UnityPoint will first be offered to its patients covered by the CMS accountable care organization models but VanOosten said they have been talking with payers about bundling episodes. 

“I certainly see it growing with our commercial payers and our Medicare Advantage plan,” she said. “People just do so much better, our hospital-at-home metrics back it up completely. They do better in their quality metrics and patient satisfaction metrics.”

UnityPoint’s hospital-at-home program has decreased 30-day emergency department (ED) visit escalation from 27% to 6%, averted ​​$904,000 in ED/hospitalization costs and has improved the 30-day hospital admit escalation from 22% to 12.6%.

However, one problem UnityPoint saw when it was first starting its hospital-at-home program was the number of hospitals and health systems that saw it as a threat. Likewise, SNFs aren’t interested in emptying their facilities in favor of at-home care.  

“It’s definitely not a threat,” VanOosten said. “Either there’s already not enough capacity or not enough caregivers in both settings. We’re not taking a large volume of patients, we’re only taking those that we feel like we can do well at home.” 

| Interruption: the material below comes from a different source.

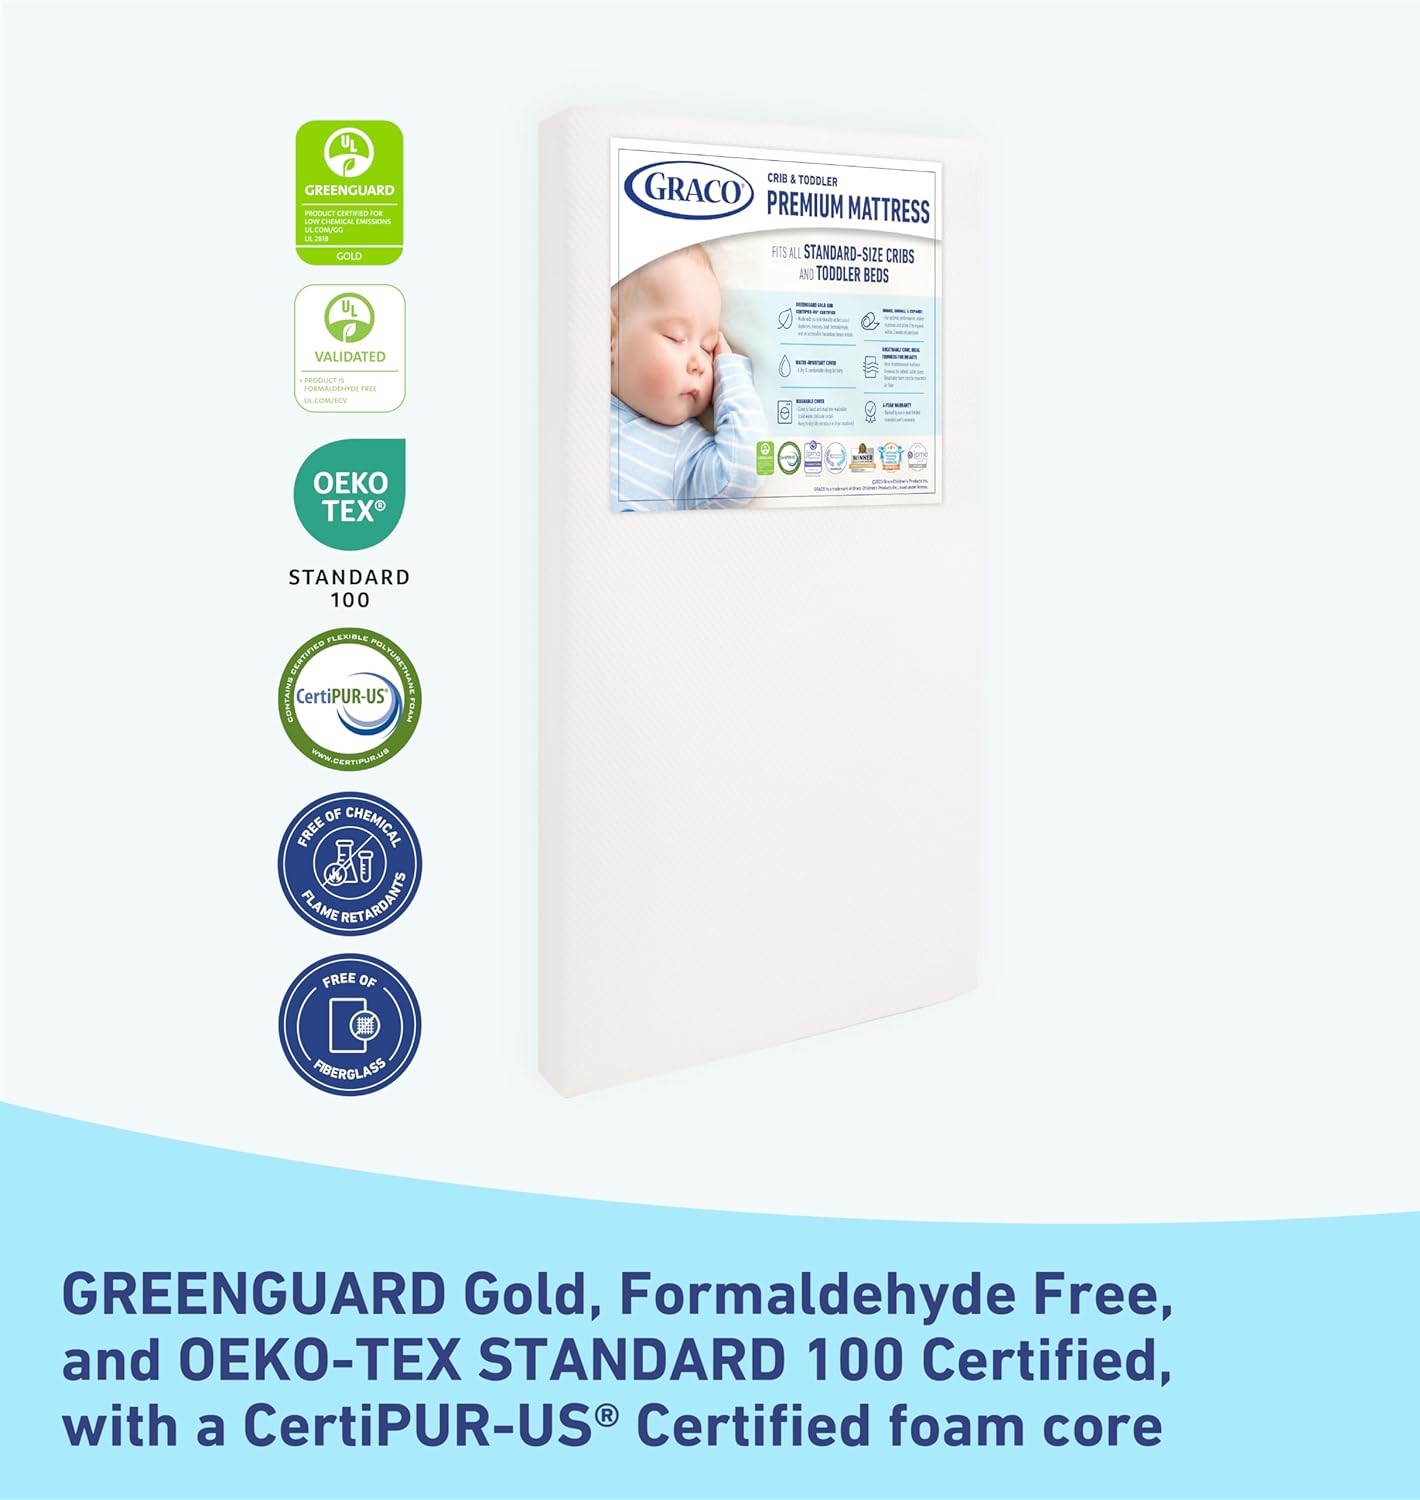 Baby - Graco Premium Crib & Toddler Mattress - GREENGUARD & CertiPUR-US Certified, Machine Washable Cover, Waterproof Sleep Surface, Fits Crib & Toddler Bed

There’s three buckets of patients that go to SNFs, she explained. The first is high acuity patients that require 24/7 care. The second is patients that could have done alright at home but for some reason ended up in a SNF. 

“We’re looking at the third bucket. The group of individuals that have a higher acuity need but has caregiver support to rehab the patient safely in their home,” she said. “We’re talking about less than 20% of the patients.”